The jb code itself, as opposed to Bison and flex, is entirely
in Java, so there should be no reason to recompile to produce
new
.class
files to replace the ones that come with
standard installation.
If, for whatever reason, you decide to rebuild the
.class
files, you may do so as follows.
- Go into the regexp directory.
- Re-compile the java files by executing the following command:
make clean all
- Go into the jbf directory.
- Re-compile the java files by executing the following command:
make clean all
Note that compiling subst.java may produce warnings about
deprecated features. You can ignore them.
Once the files are installed, and possibly re-compiled,
you may go into the examples directory
and carry out the processes as described
in the
Parser Construction
and in the
Lexer Construction
sections.
This source tree contains a number of files and subdirectories.

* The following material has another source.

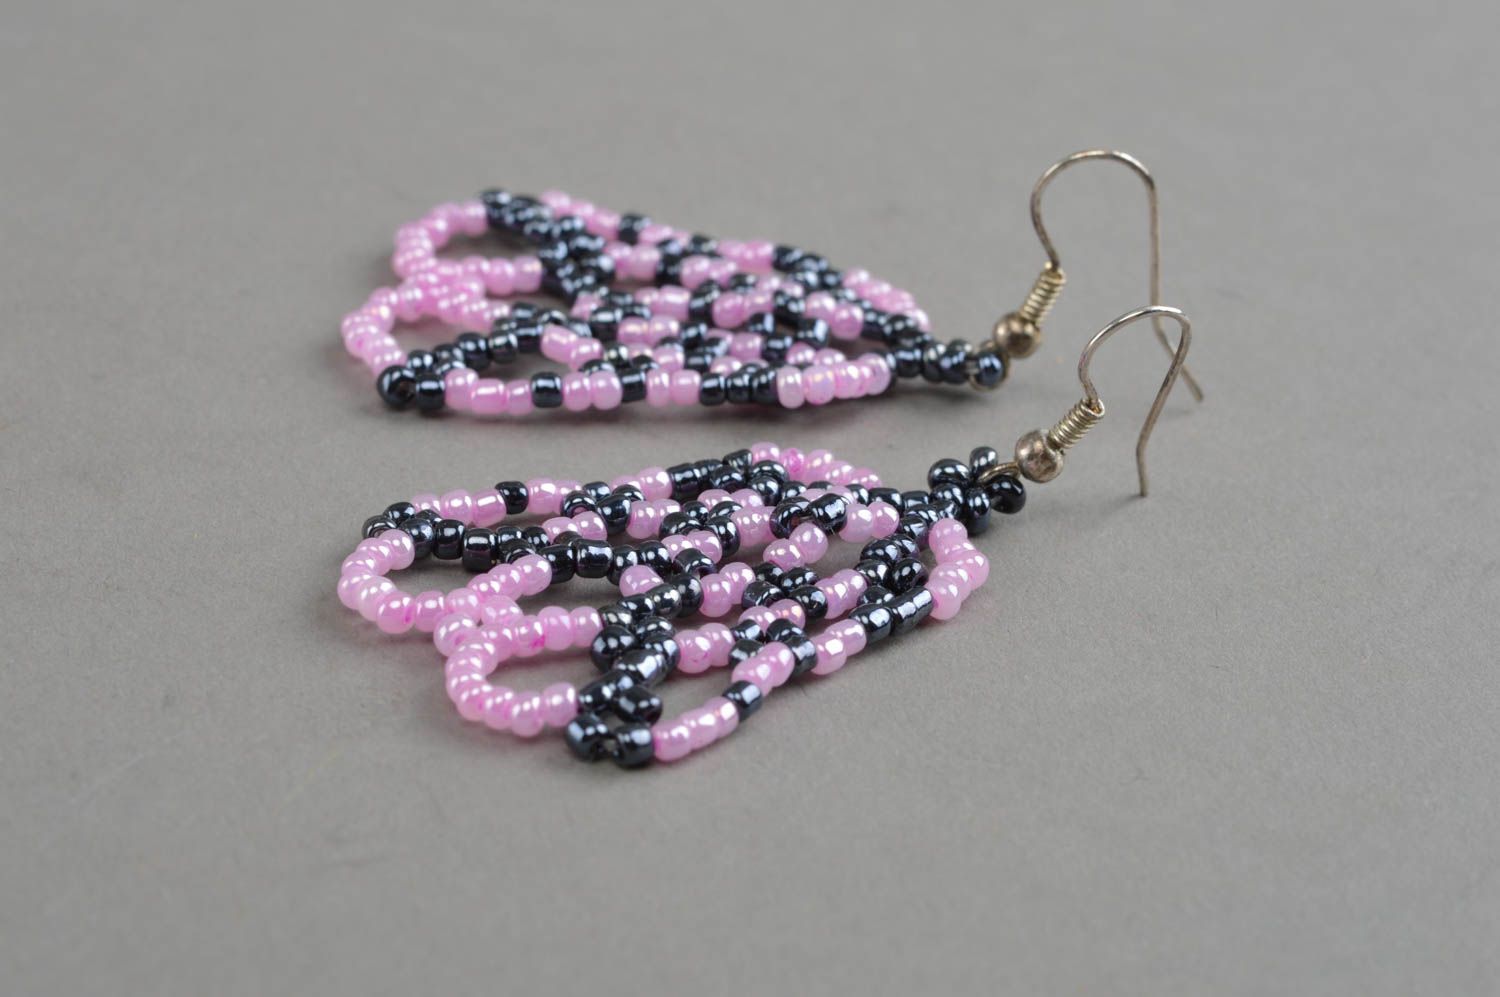 Large handmade beaded earrings designer jewelry fashion accessories gift ideas photo 3

- COPYRIGHT -- This files describes the policies governing the
use and distribution of this software.
- jb.html -- This file gives description and retrieval
information about this system. A text version is in jb.txt.
- README -- This file (html format) gives an overview of the source
tree and describes the build and installation process.
- INVENTORY -- Lists the files comprising this source tree.
- jbf -- The java classes needed to support the parsers and lexers
generated by jb.
- examples -- a set of example grammars (and lexers)
for several examples.
- calc -- a simple calculator with two lexers:
one using flex and one derived from YYlex.java.
- idl -- a CORBA IDL parser with a flex lexer that uses
the non-terminal package to build a parse tree.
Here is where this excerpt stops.